The results of the study indicated the accumulated incidence of influenza, or the number of new cases divided by the total number of people in the study at risk (vaccinated and not vaccinated), increased faster among the vaccinated participants than not vaccinated.
The authors found that the influenza vaccine had a negative effectiveness, “suggestion that the vaccine is not effective in prevention influenza” for that season.
What do these findings mean?
The effectiveness of the flu vaccine can vary per season and per person (factorization in characteristics such as age and health), CDC said. Its effectiveness is also branched in its similarity with the influenza viruses that circulate in the community, the agency said.

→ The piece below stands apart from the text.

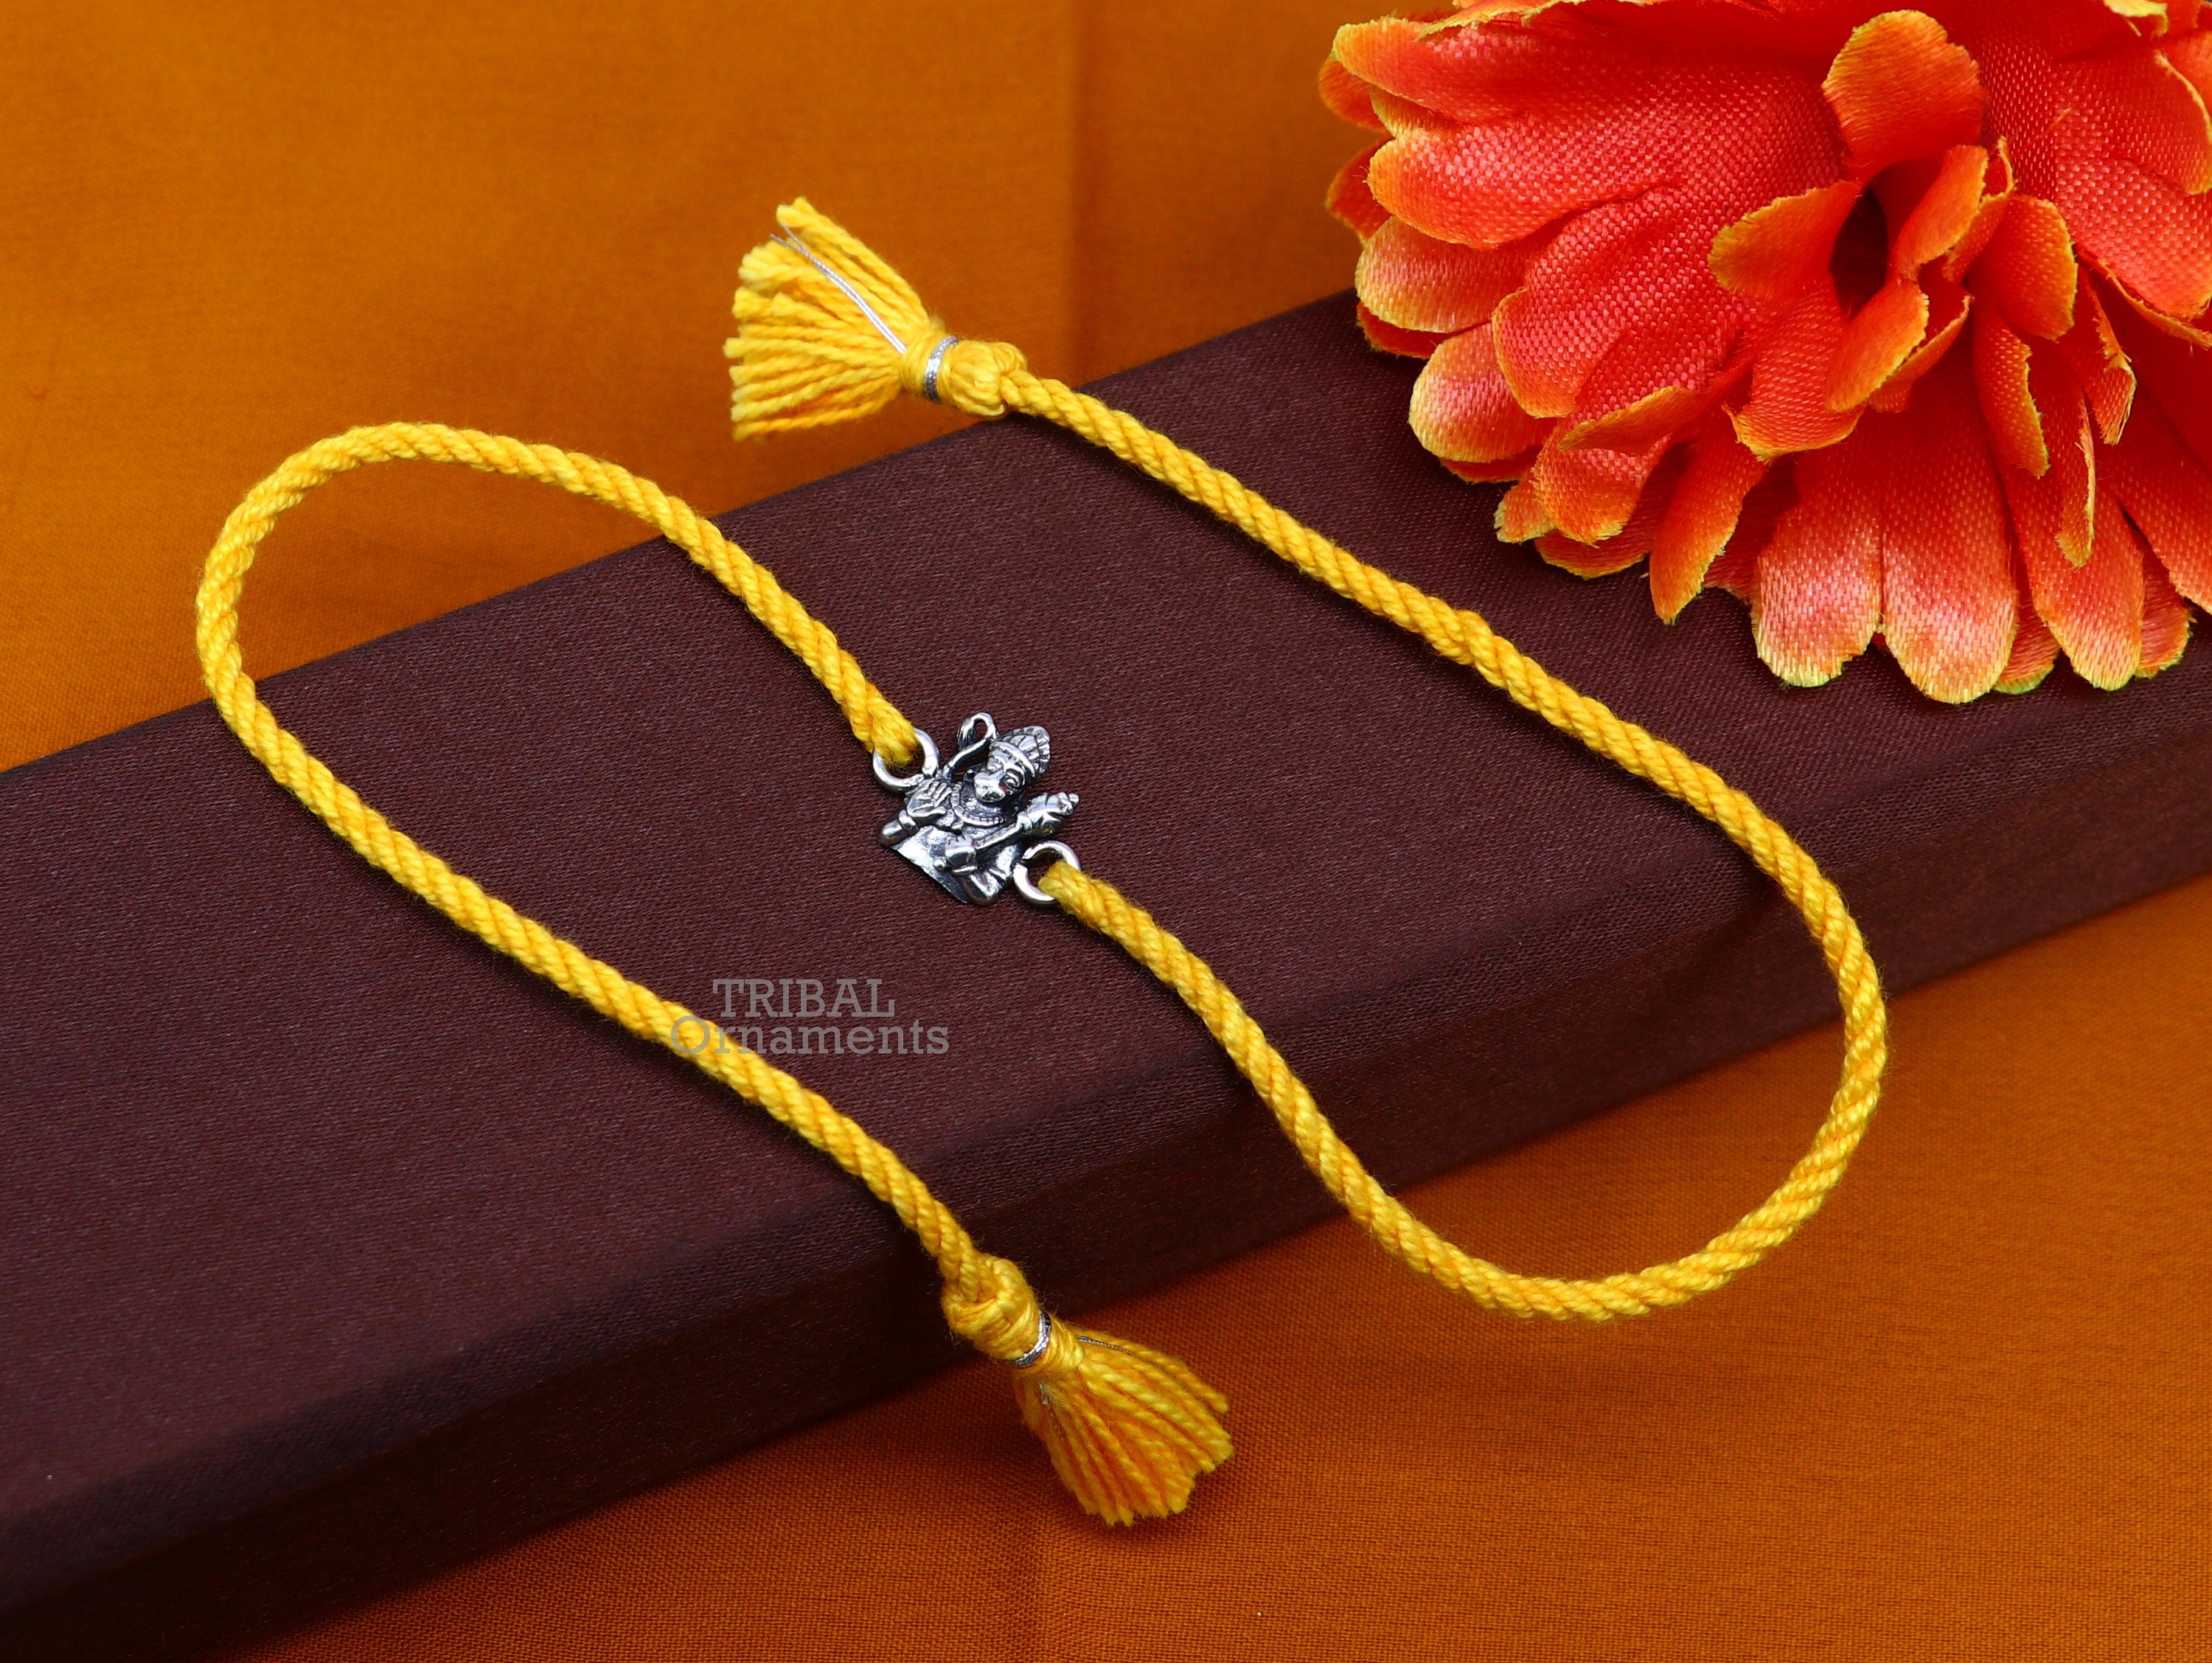 Lotus Flower Bracelet, silver bangle, lotus flower charm bracelet, Hindu  bracelet, rebirth bracelet, spiritual jewelry, purity awaken bangle |  Silver bangles, Spiritual jewelry, Lotus flower charm

The agency’s data showed seasonal effectiveness of the flu vaccine, or how well, the vaccine prevents severe disease and hospitalization changes per season with an effectiveness rate of 42 percent that rotates the 2023-2024 season. The researchers discovered that it reduced the risk of outpatient visits and hospitalizations of outpatient patients who date back to the flu between children, adolescents and adults.
Hopkins said the study did not discuss whether the workplace had masking policies or other restrictions for non -vaccinated employees, which “could have an important impact on the incidence of influenza”, especially for those who work in clinical environments. Around 10,900 participants had a clinical nursing work, according to the study.
Pacetti and Jeffrey Morris, director of Bioestadistics of the Faculty of Medicine of the University of Pennsylvania Perelman, also said that vaccines mainly reduce the risk of death or serious illness, that the study does not address.
The article said that the effectiveness of the vaccine in a certain year “depends on how similar are the strains contained in the stress vaccine that cause infection that year.”
The authors of the study also said that because almost all of their participants used the trivalent inactivated influenza vaccine, it is possible that other influenza vaccines may have been more effective.